Good evening, National Bitch Huzz fans!
Tonight, the cries of the wives have arrived.
Today’s wife is Hana-san, 30 years old.
The husband is 30 years old.
Hana-san’s cry was…
“It’s a marriage rabbit!
Will my husband’s cooling off work?
A cooling-off period?
I don’t think your husband has a cooling-off or money-back
What’s going on?
I’m really curious to know what kind of hare he is!
So, thank you for your time, Hana-san!
It’s a marriage rabbit! Will my husband’s cooling off work?
I only found out about it after I got married. ・・・・
I’m sure you’ve heard of it.
When I’m outside, I can rely on them and they are crisp and clear.
But inside the house, they are very sloppy.
Before I got married, I used to go out early in the morning on my days off.
My husband would check out the hottest date spots, leisure activities, and restaurants introduced in magazines and on TV, and take me there.
However, after I got married, ・・・・
No such dates at all.
On Friday nights, we would go home and play games until we fell asleep.
He was playing online games until late at night.
Of course, there’s no way he can wake up in the morning, so he stays in bed forever
When I try to wake him up, he gets really cranky.
He sleeps until late afternoon, and when he wakes up, he’s still in a daze.
I want to go on a date with her because it’s my day off.

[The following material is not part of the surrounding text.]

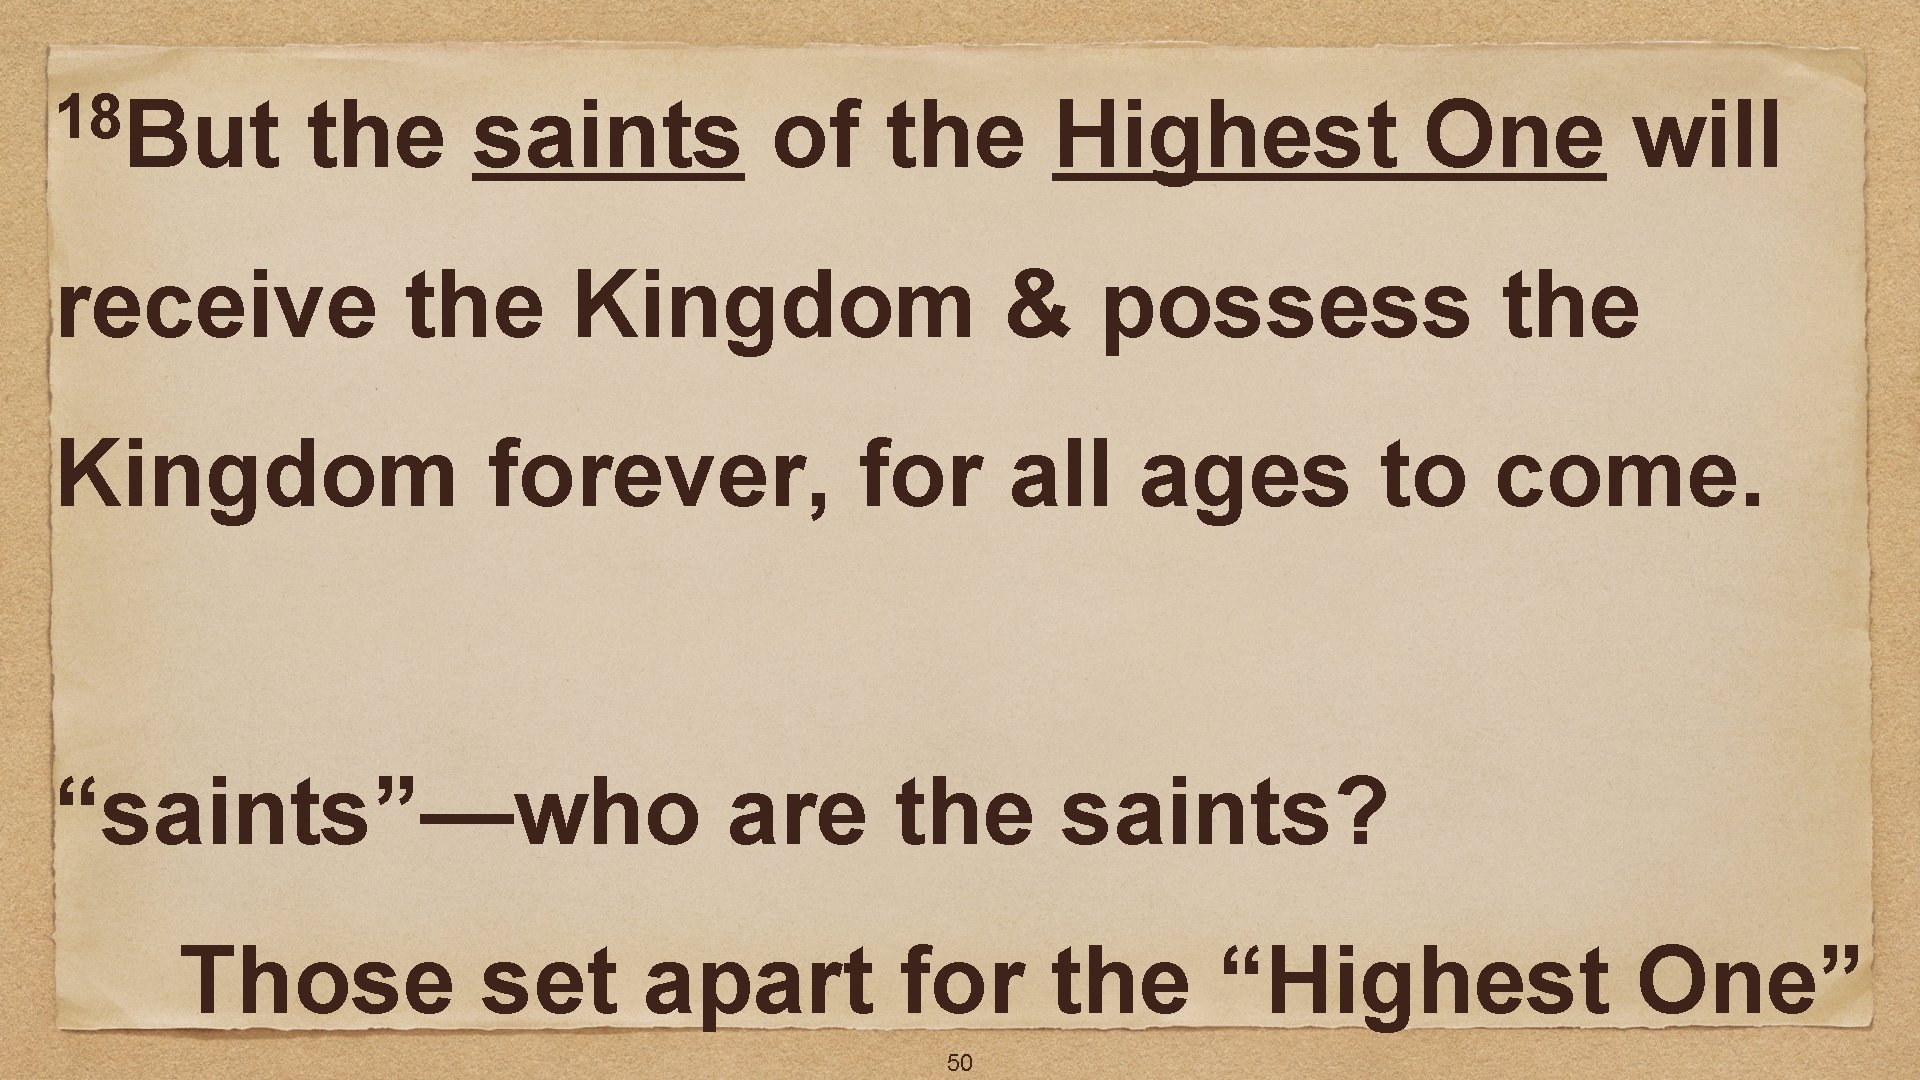 18 But the saints of the Highest One will receive the Kingdom & possess

I said, “Let’s go out somewhere! but he just ignores me.
She doesn’t even care if I’m cleaning or tidying up.
Instead, she goes to the small store by himself.

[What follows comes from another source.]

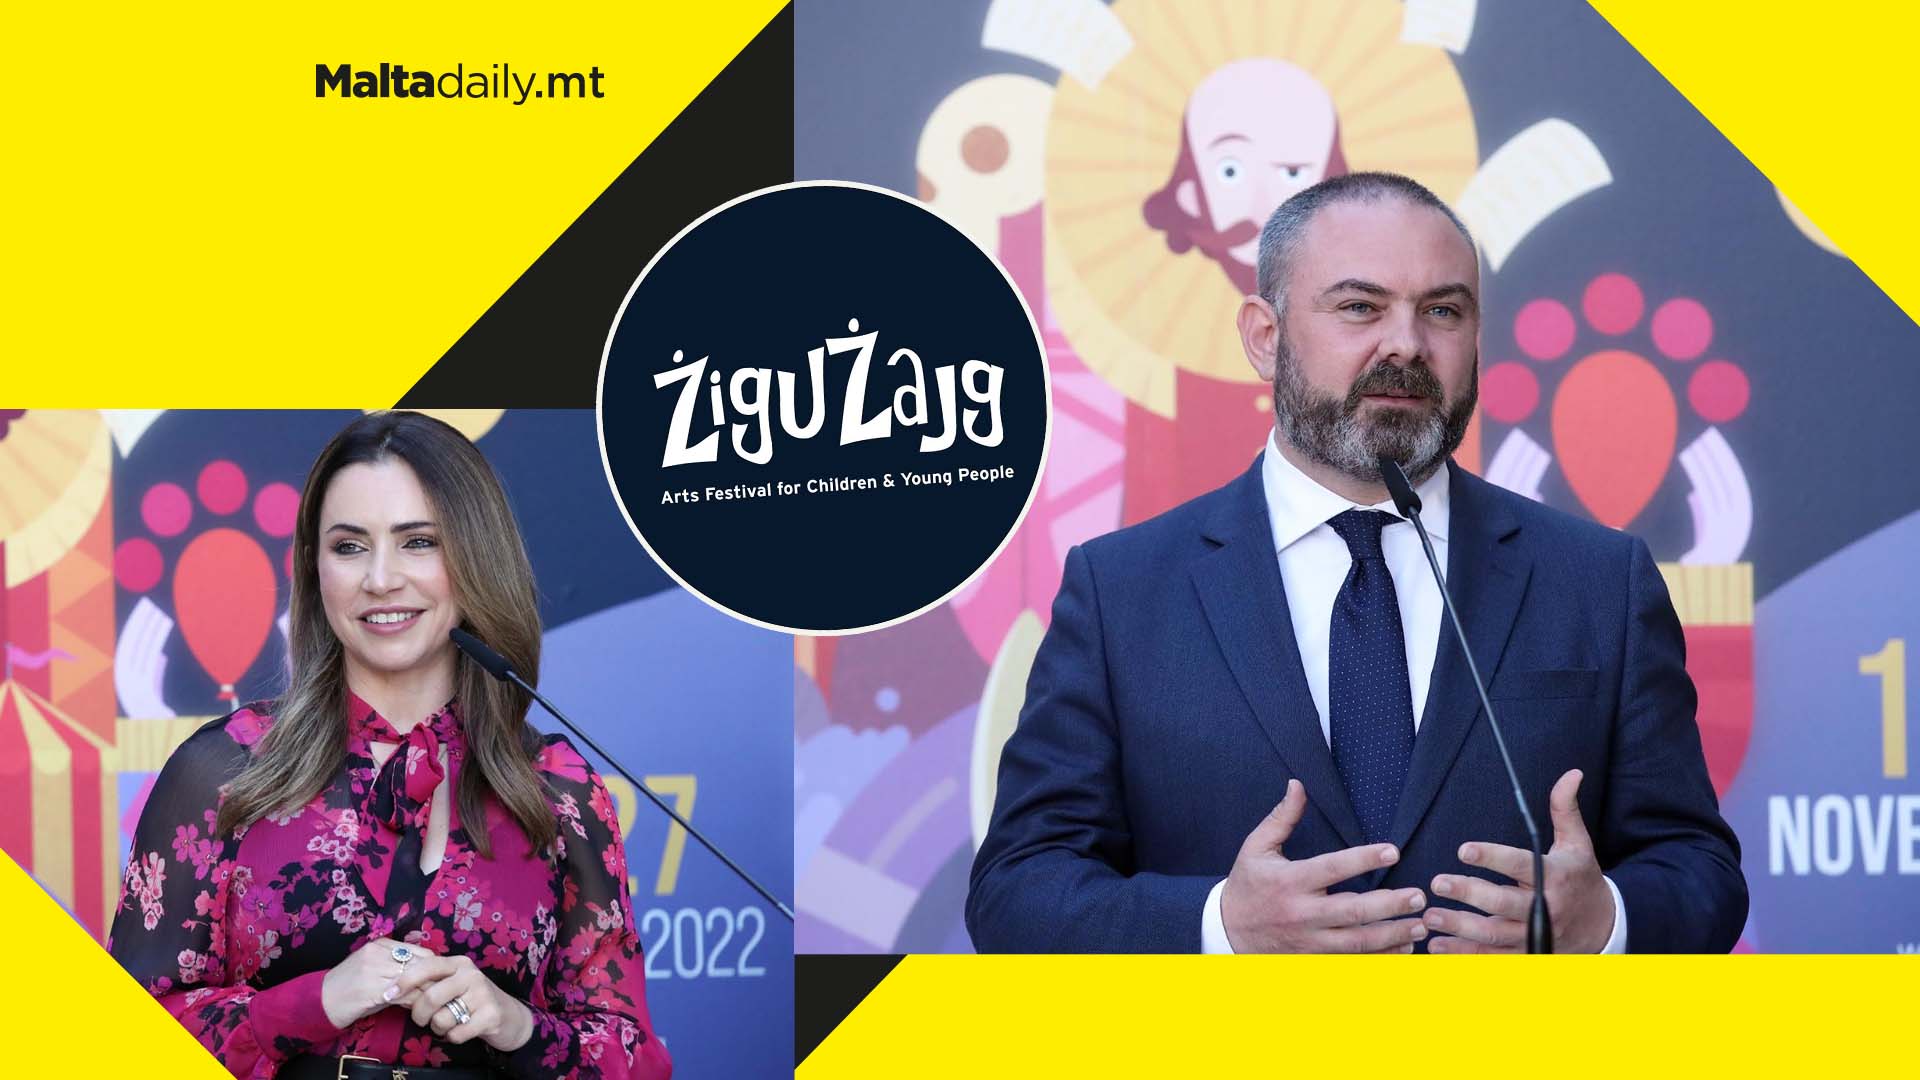 ŻiguŻajg Arts Festival for Children and Young People 2022 officially open

He buys a Coke and some fried food and potatoes, and ignores the food I prepared for him!
It’s fine to buy and eat, but don’t you think it would be nice to say something
In addition, he was wearing a T-shirt and sandals instead of pajamas, which was sloppy.

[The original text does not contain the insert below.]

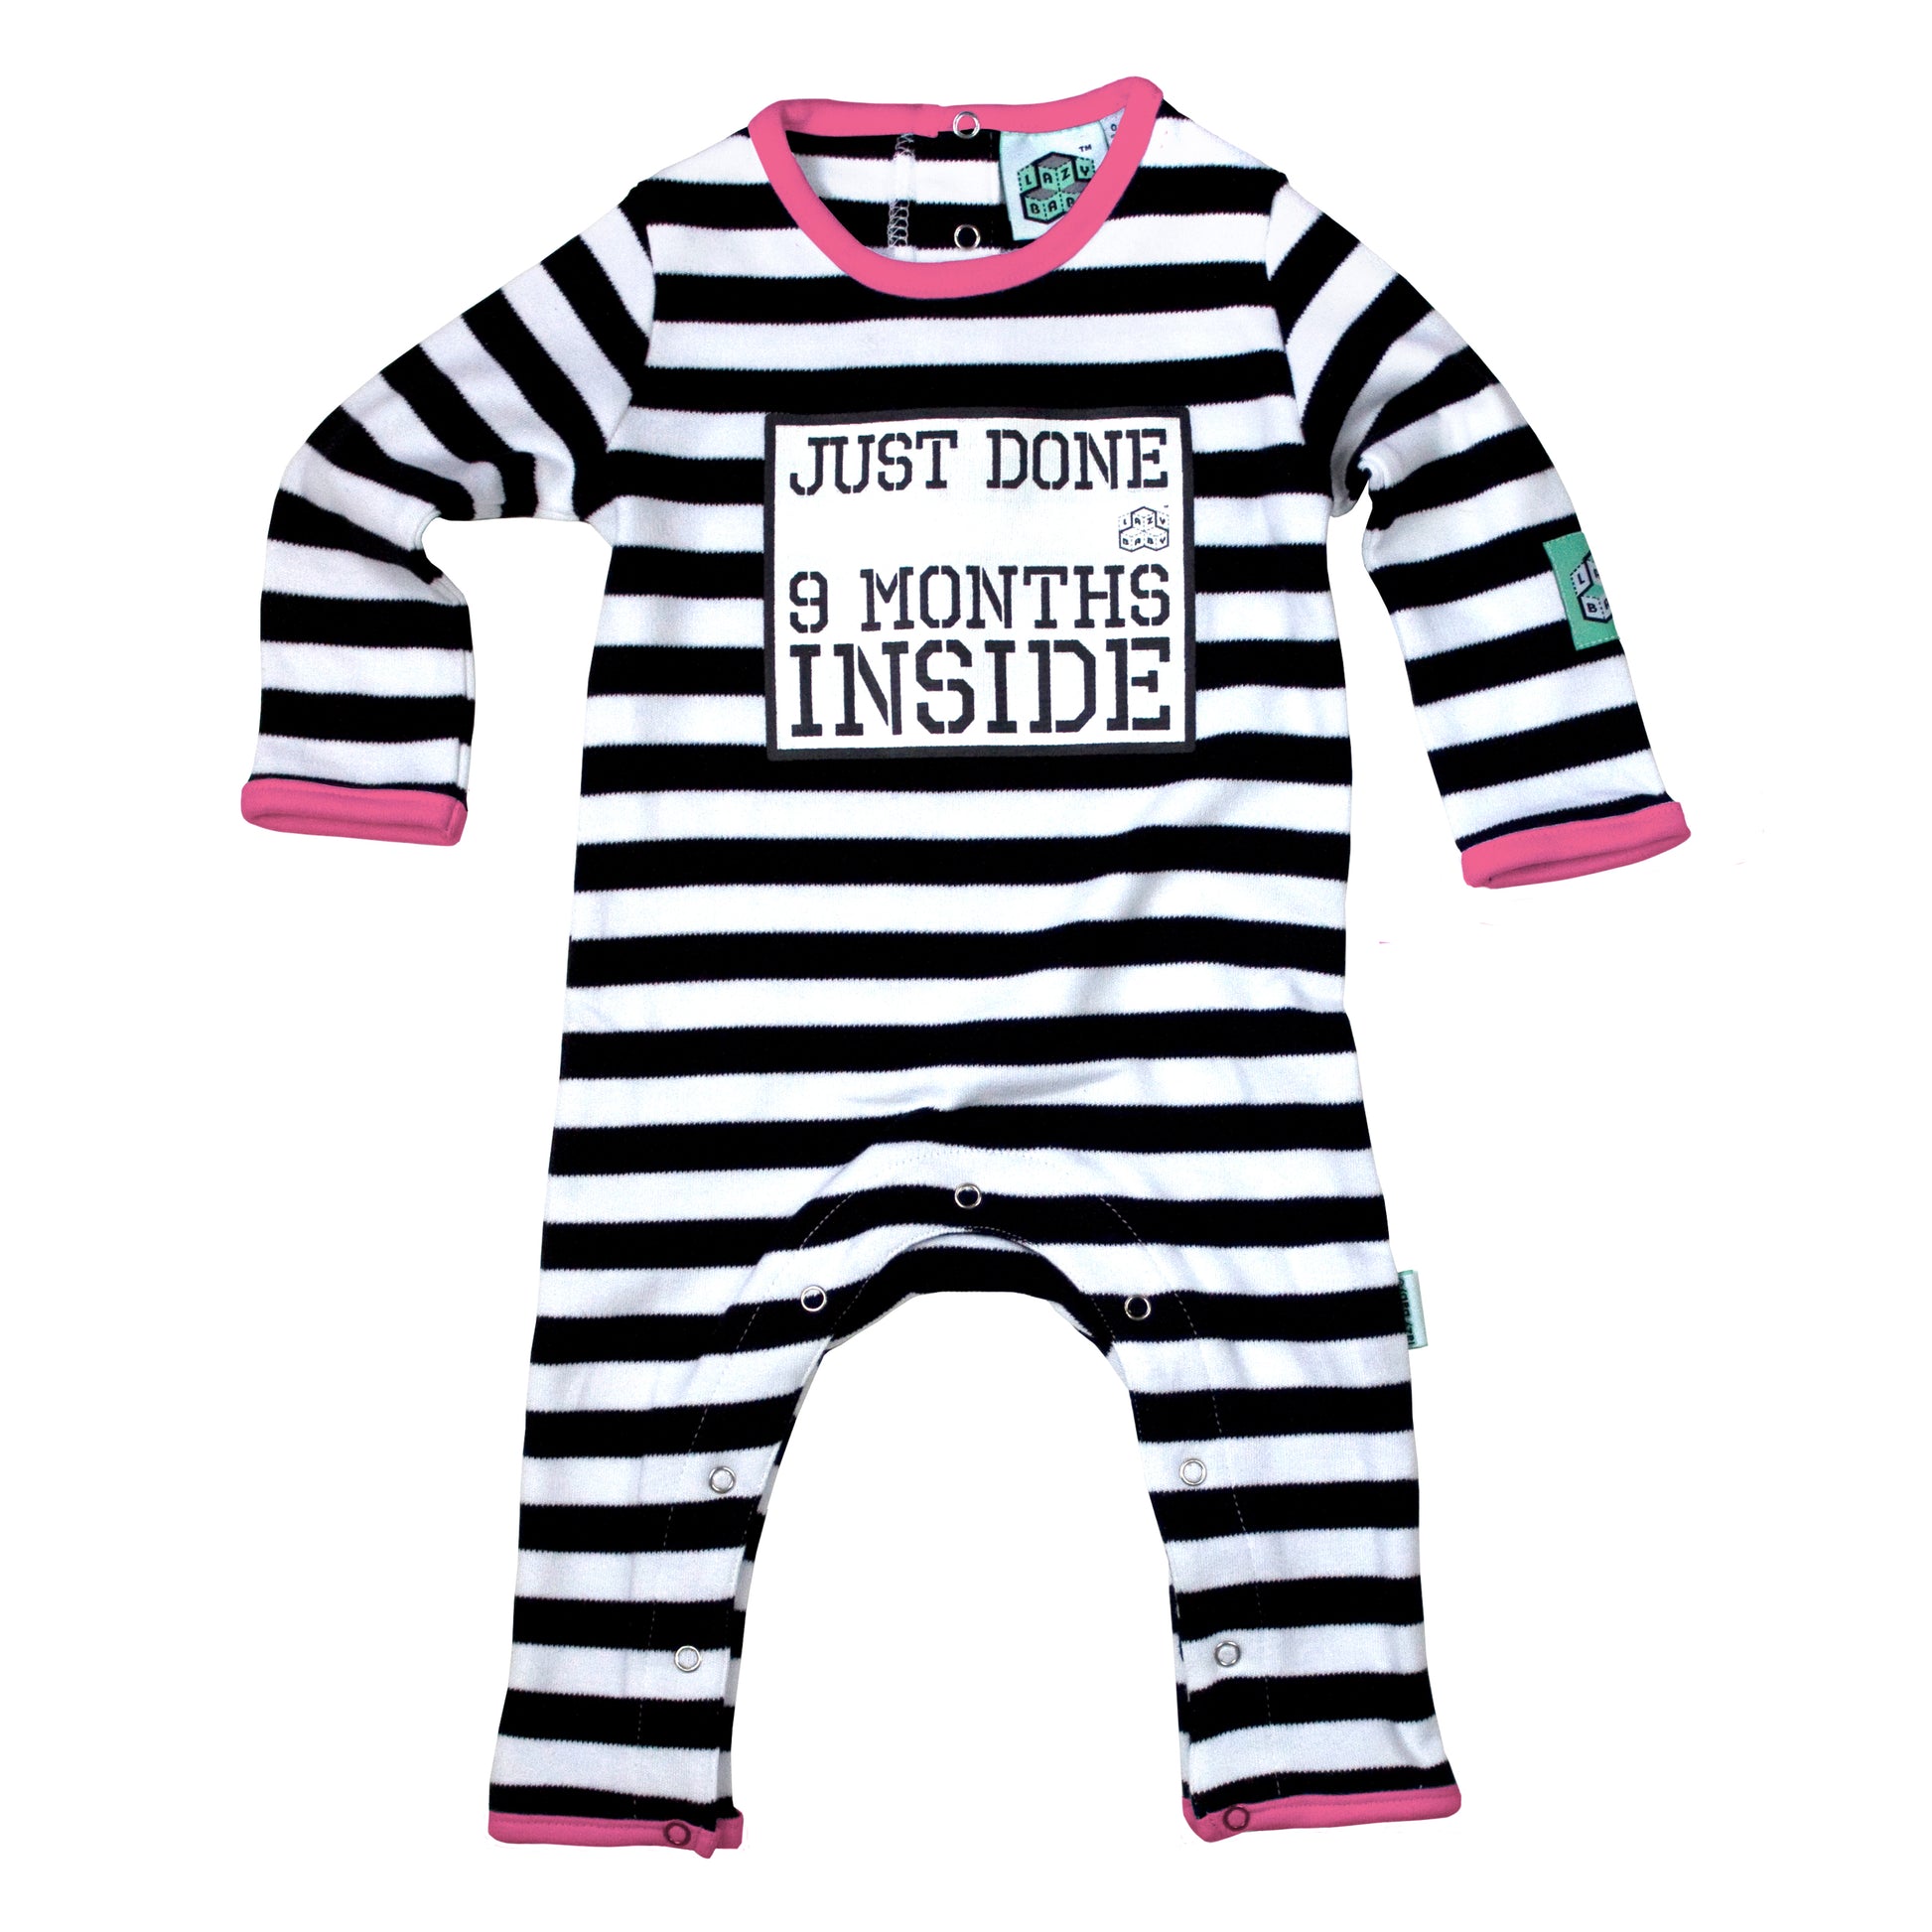 Just Done 9 Months Inside slogan baby grow black white stripes with pink edging

Of course, I mean, he doesn’t do any housework at all, she just lounges around on the couch.
I’ve asked him to at least say something to me or tell me she doesn’t eat, but she just pretends not to know.
It’s too different from before we were married, and I think it’s a bit of a heron!
I’ve heard that you don’t feed the fish you catch, and that’s exactly what he’s doing!
You’re too different from before and after marriage!
It’s like the gap between the picture on the menu of a fishy set menu restaurant and the actual food that comes out!
He planned a lot of things for the date, so he’s a man who can do it.
Husband, why don’t you show off your skills!
Games are limited to 30 minutes a day!
Didn’t your mommy ever tell you that properly?
You’re a bad boy!
Be careful, you won’t get attached to me!
But I’ve got some good news about your husband…
When he notices that I’m upset, he goes to the convenience store
and buys me some sweets.
Oh, that’s sweet!
That’s not it!
Even if you’re not angry, buy me something!
By all means, take good care of your wife like you did when we were dating!